Ben Blencowe is professor and Banbury Chair of Medical Research in the Donnelly Centre and Department of Molecular Genetics at the University of Toronto. He also serves as director of the University of Toronto Donnelly Sequencing Centre. He is co-leading the Structure and Function of the Human Ribonucleosome project.
Blencowe grew up in the UK and Canada. He studied microbiology and molecular biology at Imperial College London (UK), where he received a BSc with honors in 1988. He undertook graduate research at the European Molecular Biology Laboratory, as an external student of the University of London, earning his PhD in 1991. Blencowe subsequently joined the Center of Cancer Research (renamed Koch Institute for Integrative Cancer Research) at the Massachusetts Institute of Technology as a Human Frontier Science Program Long Term-Fellow in 1992. He was appointed assistant professor at the University of Toronto in 1998 and full professor in 2006. Blencowe has received numerous honors for his research contributions, including the Natural Sciences and Engineering Research Council of Canada John C. Polanyi Award. He was elected Fellow the Royal Society of Canada in 2017, and Fellow of the Royal Society (UK) in 2019.

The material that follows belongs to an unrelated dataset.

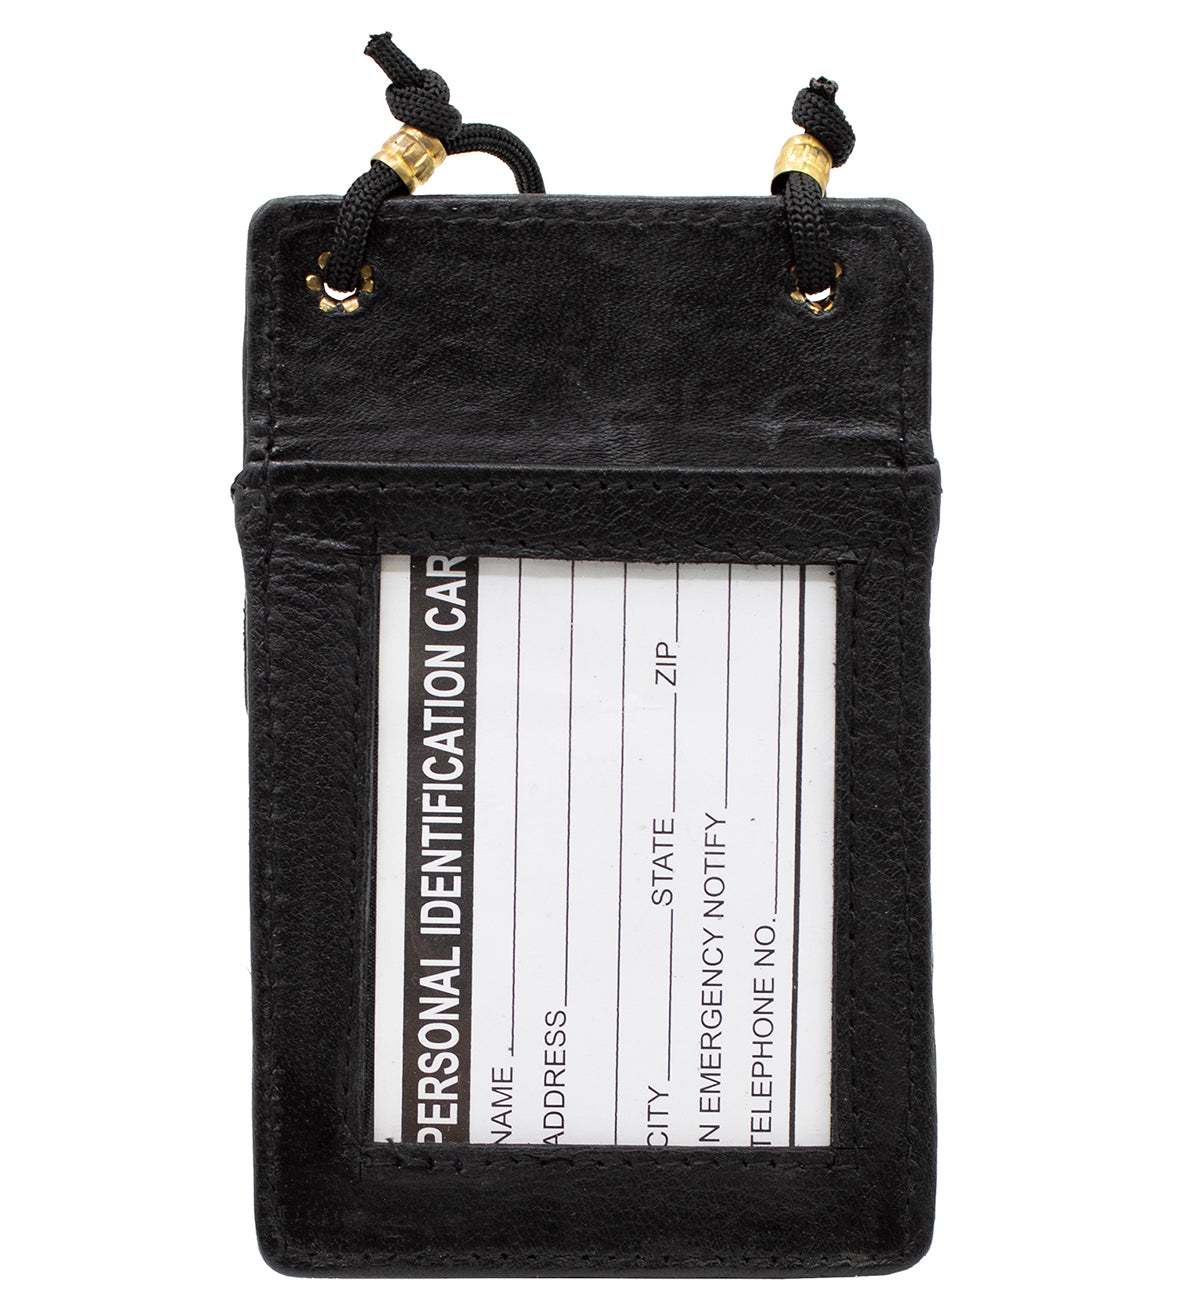 Black Genuine Leather ID Card Holder Neck Strap Travel Wallet String Bag Lanyard
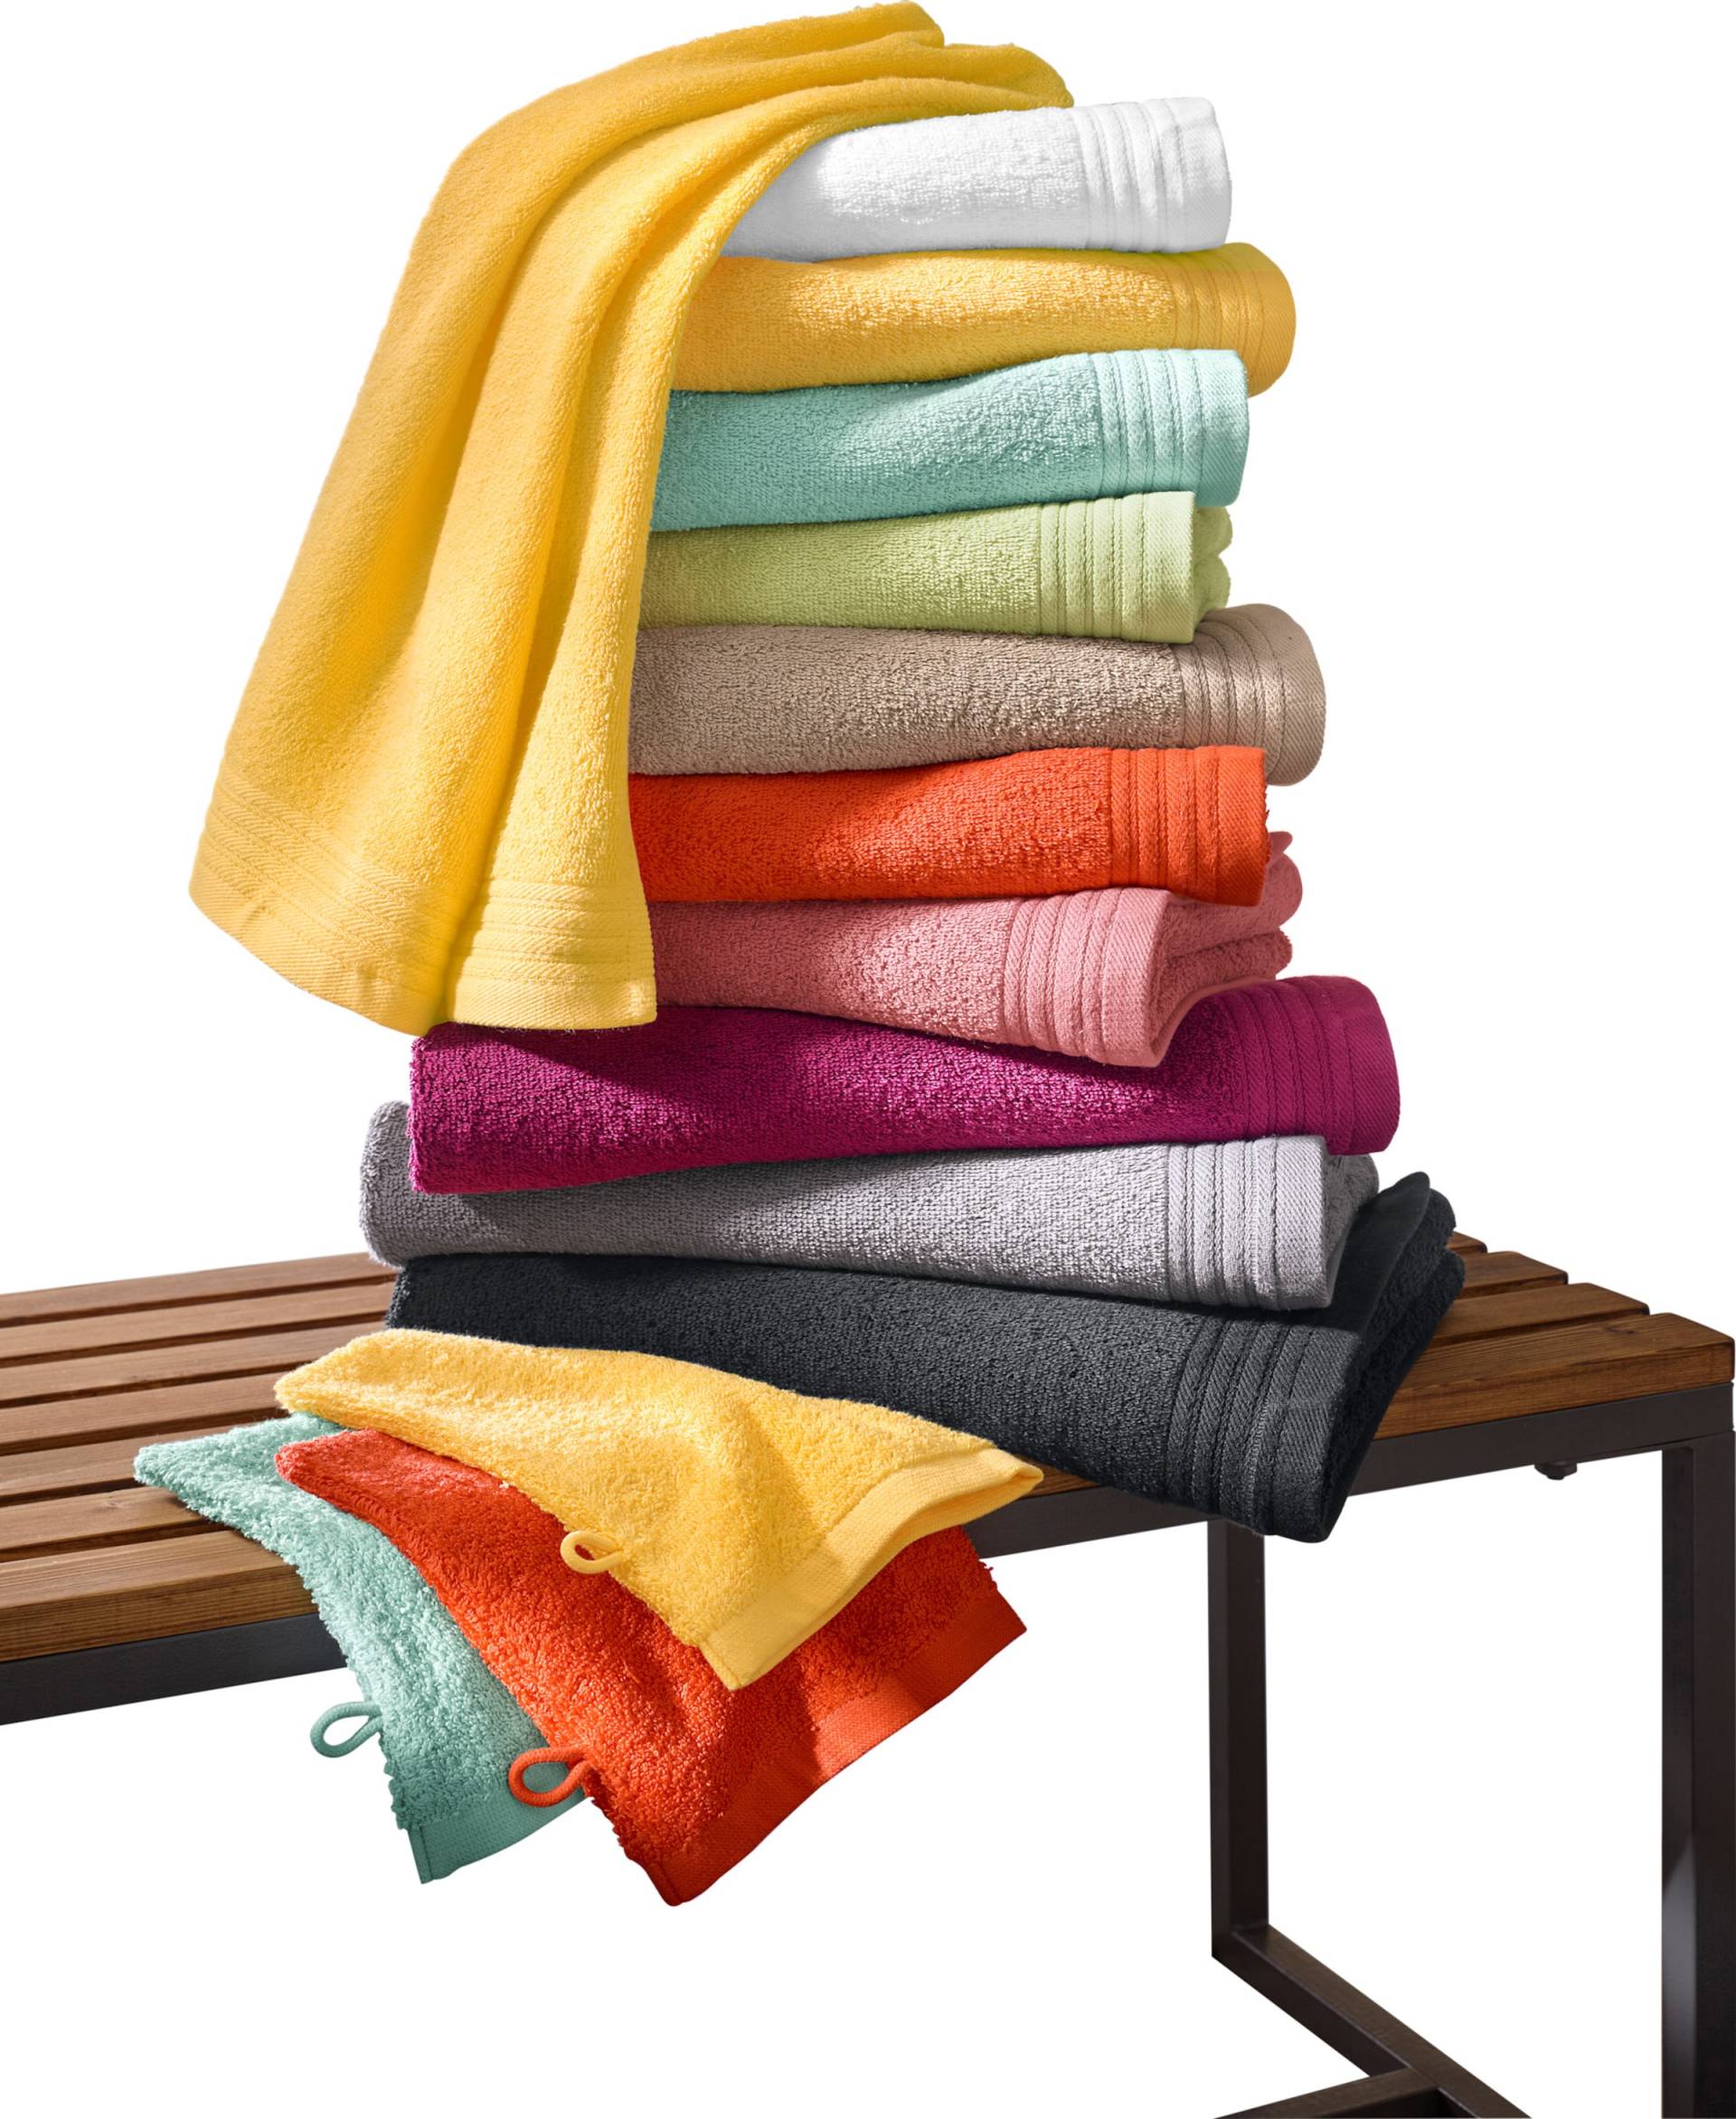 Sieh an! unisex Handtuch gelb von wäschepur

His research focuses on fundamental questions relating to RNA biology. His research group has made pioneering contributions to the development and application of high-throughput methods for studying RNA processing and RNA–RNA interactions. This research has contributed global-scale insights into the complexity, evolution, regulation and function of alternative splicing, including the discovery of splicing networks that control stem cell pluripotency and neurogenesis. His most recent research led to the discovery of a program of alternative splicing that is commonly disrupted in neurological disorders, work that has opened the door to a new therapeutic strategy for autism.